Adelina Bocanegra et Jeanne Strouvens

Publié le :

22 février 2023

Adelina: Crois-tu au couple?


Jeanne: Qu’est-ce que t’entends par couple?


Adelina: Je suppose que je conçois le couple comme l’ensemble de deux personnes, animées par un sentiment amoureux, avec un projet de vie commun, des intérêts communs, un cercle social partagé… Bonne question qu’tu me poses là ! En fait, je ne sais pas trop. Le couple, c’est deux personnes qui ont envie d’être ensemble. Est-ce que ça doit être plus compliqué que ça?

Est-ce que le couple à long terme, unitaire, formé de deux personnes qui constituent une équipe, nous voue à une existence où nous ne réussirons jamais à atteindre notre plein potentiel ?

Jeanne: D’une approche étymologique, le couple, c’est deux personnes, oui, mais on ne parle plus de cette réalité aujourd’hui. Une relation amoureuse peut se vivre à plus que deux personnes. Peut-on être 100 dans le couple? Et est-ce que tous les membres du couple partagent réciproquement un sentiment amoureux les uns pour les autres?
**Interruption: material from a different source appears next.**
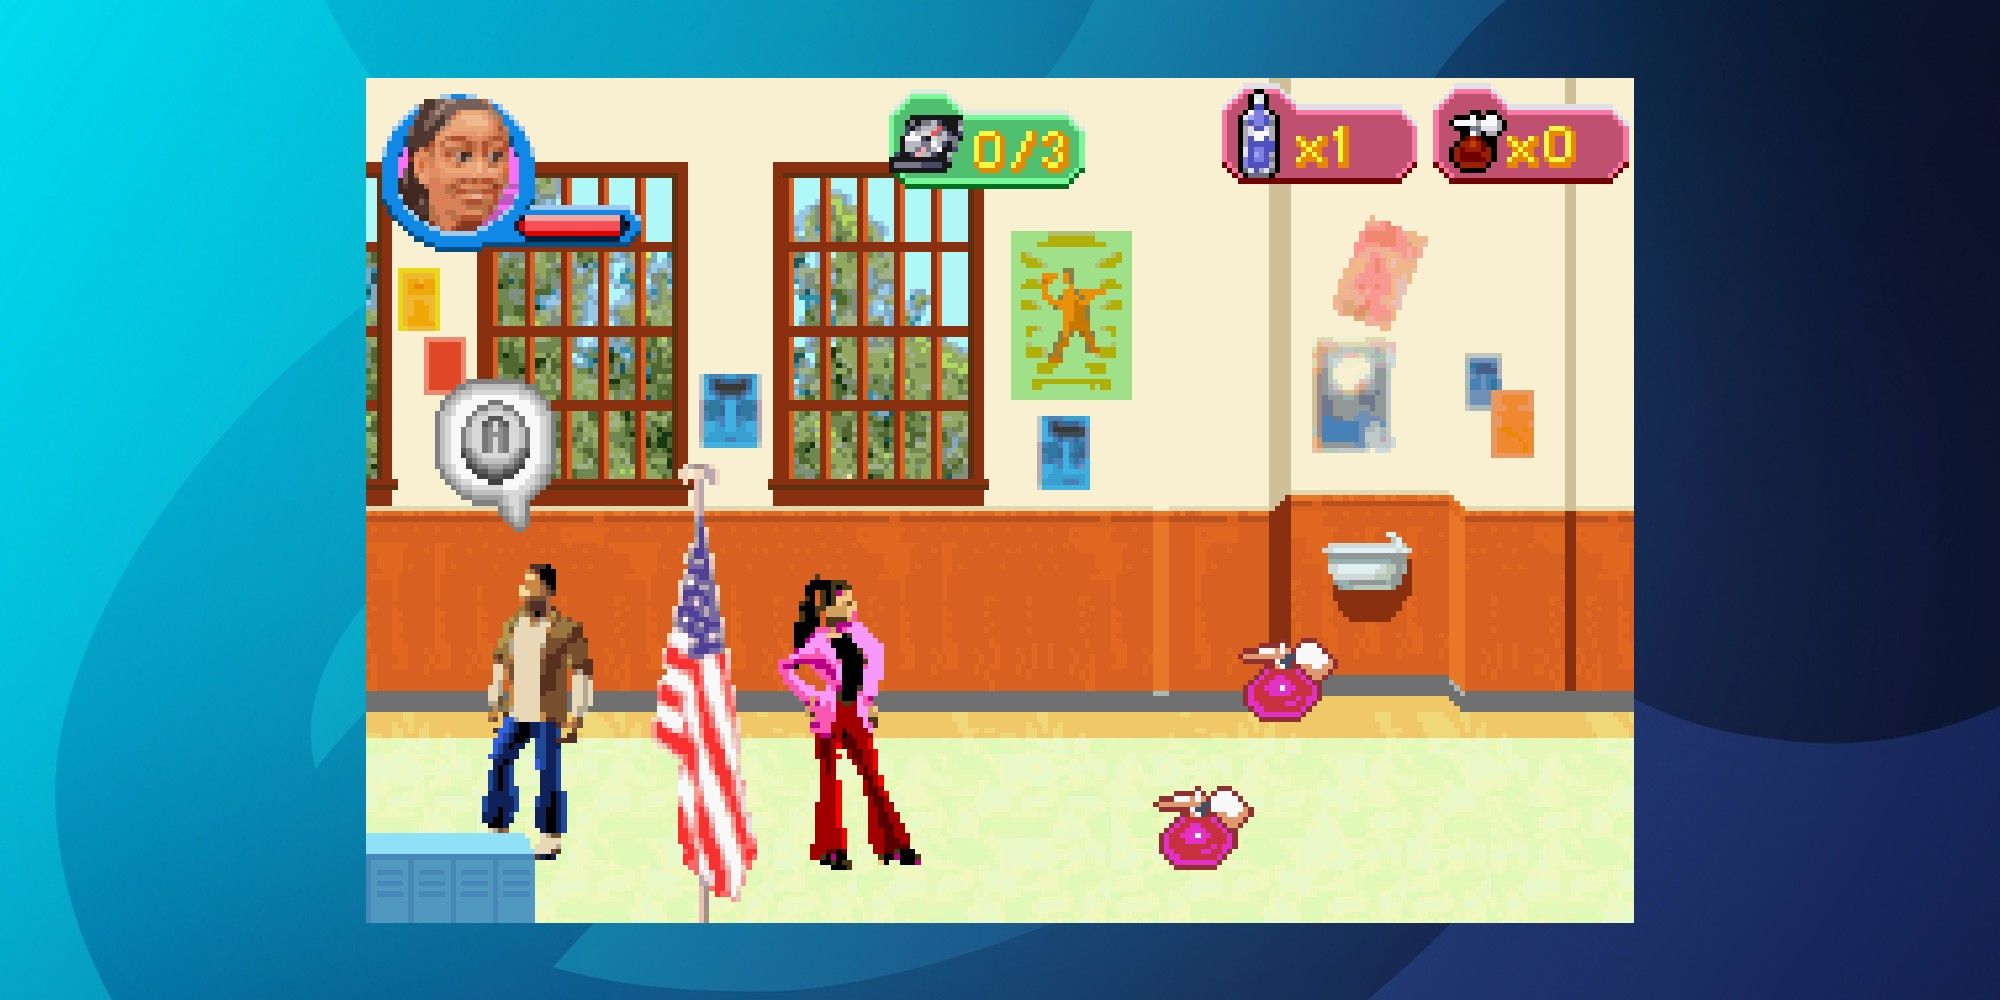 a screenshot of the game with Raven standing in the middle of the school hallway with the pick-ups in front of her

Je ne sais même pas si à deux, le sentiment amoureux doit exister pour que le couple existe.


Adelina: Je pense que la notion de couple réfère à la relation intime qu’entretiennent deux personnes entre elles, peu importe si cette relation est exclusive, ou si les membres du couple sont polyamoureux. Le couple en tant que concept a aussi une racine historique, dans la mesure où il n’était consolidé que par les liens du mariage pendant de nombreuses années. Le couple libertin, tel que conçu aujourd’hui, n’existe que depuis la fin de la Seconde Guerre mondiale, où le concept de couple en tant qu’unité sociale est venu remplacer celui de « ménage ». Ne peut-on pas déduire de cela que l’idée de couple est une construction sociale qui évolue au fil des époques?


Jeanne: Ça doit être impossible en effet de donner une définition du couple qui puisse transcender les différentes époques. Mais donc je déduis que l’arrivée du couple moderne passe par une émancipation de la femme, et une montée de la libération sexuelle. Est-ce qu’on ne devrait pas alors tendre plus encore à une libération du couple? Une définition toujours plus libre, jusqu’à en devenir inexistante?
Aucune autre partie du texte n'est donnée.